Client Alert

Achieving an IPO Exit While Taking the Long View

11/2/2004

Getting portfolio companies there and beyond

The last several months have seen both a significant increase in international appetite for initial public offerings in the U.S. by Chinese companies, as well as some increasing wariness given recent disclosure issues that have arisen in connection at least one recent offering. Companies such Linktone Ltd., which Morrison & Foerster LLP represented in its global IPO and continues to represent in ongoing compliance and corporate work, have recently achieved high profile listings on Nasdaq or the New York Stock Exchange.

In this environment, it is important for the board, management and in-house legal counsel of private companies planning their IPOs, or of public companies thinking of spinning off and listing one or more subsidiaries, to consider the basic elements which lay the groundwork for a successful IPO. Equally important, but sometimes overlooked in the excitement of the IPO process, are the practical implications of being a U.S. public company in the long-term and how these issues can impact companies' overall goals and resources -- and indeed affect the value at which a post-IPO exit for investors may be achieved.
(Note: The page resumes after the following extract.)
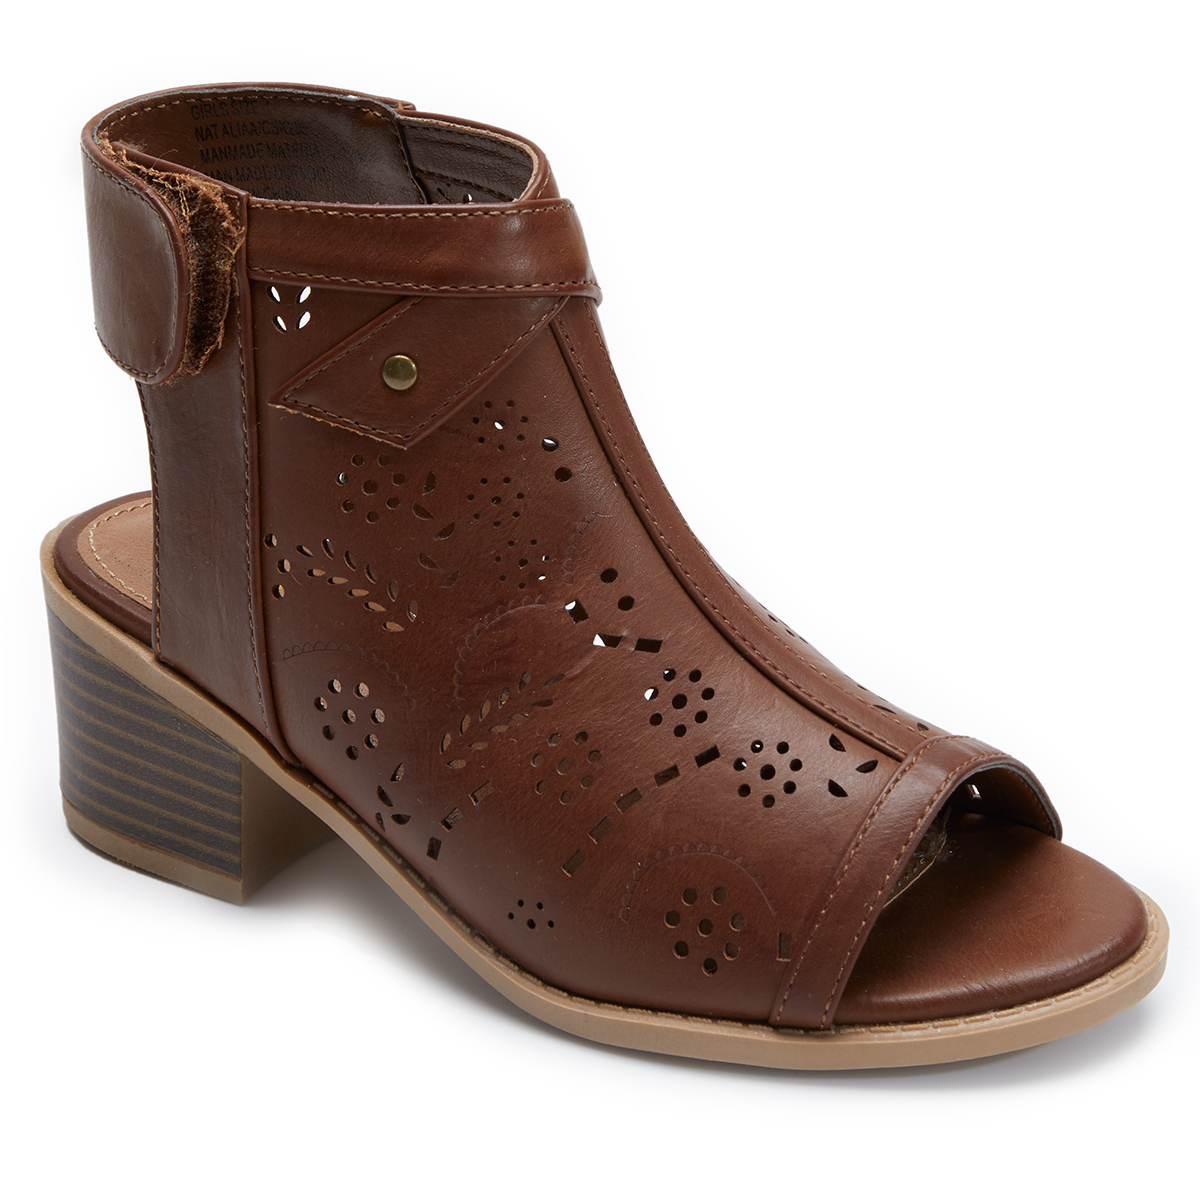 MIA Girls' Natalia Boots - Brown, 1

The following summarizes some of the key issues at the pre- and post-IPO stages that we have seen arise in our recent work.

Venture capitalists play an important advisory role during this process since they are often in a position (as board members and/or significant shareholders) to focus company management on these issues.

Pre-IPO

The obvious goal of any IPO is to complete the process in as short a period of time as reasonably possible, while concurrently preparing public disclosure documents that are complete and accurate to minimize any potential liability. Achieving this goal is often complicated by a number of IPO "hot buttons" which active venture capitalists can help company management to focus on and overcome early:

  • Accounting issues: encourage the company to appoint an internationally recognized auditor, identify key accounting issues early and agree on scope of, and nature of the engagement for, the comfort letter. Accounting issues almost always affect the timing of IPOs. This is particularly true for companies with their principal operations in China, where industry-specific business practices often give rise to unusual accounting issues. For example, wireless value-added services provides in China engage in fairly complex revenue estimations due to the nature of the wireless industry in China. Moreover, in this Sarbanes-Oxley era of heightened liability for securities offerings, increasing emphasis is being placed on the scope of "comfort letters" which a company's auditor provides to the underwriters and the company's board as part of its due diligence. A particularly sensitive issue in this regard is whether the auditor will require the lead underwriter to sign an engagement letter for the provision of the comfort letter. The purpose of this letter is to define the permissible use of the comfort letter and the auditor's liability in connection with issuing it.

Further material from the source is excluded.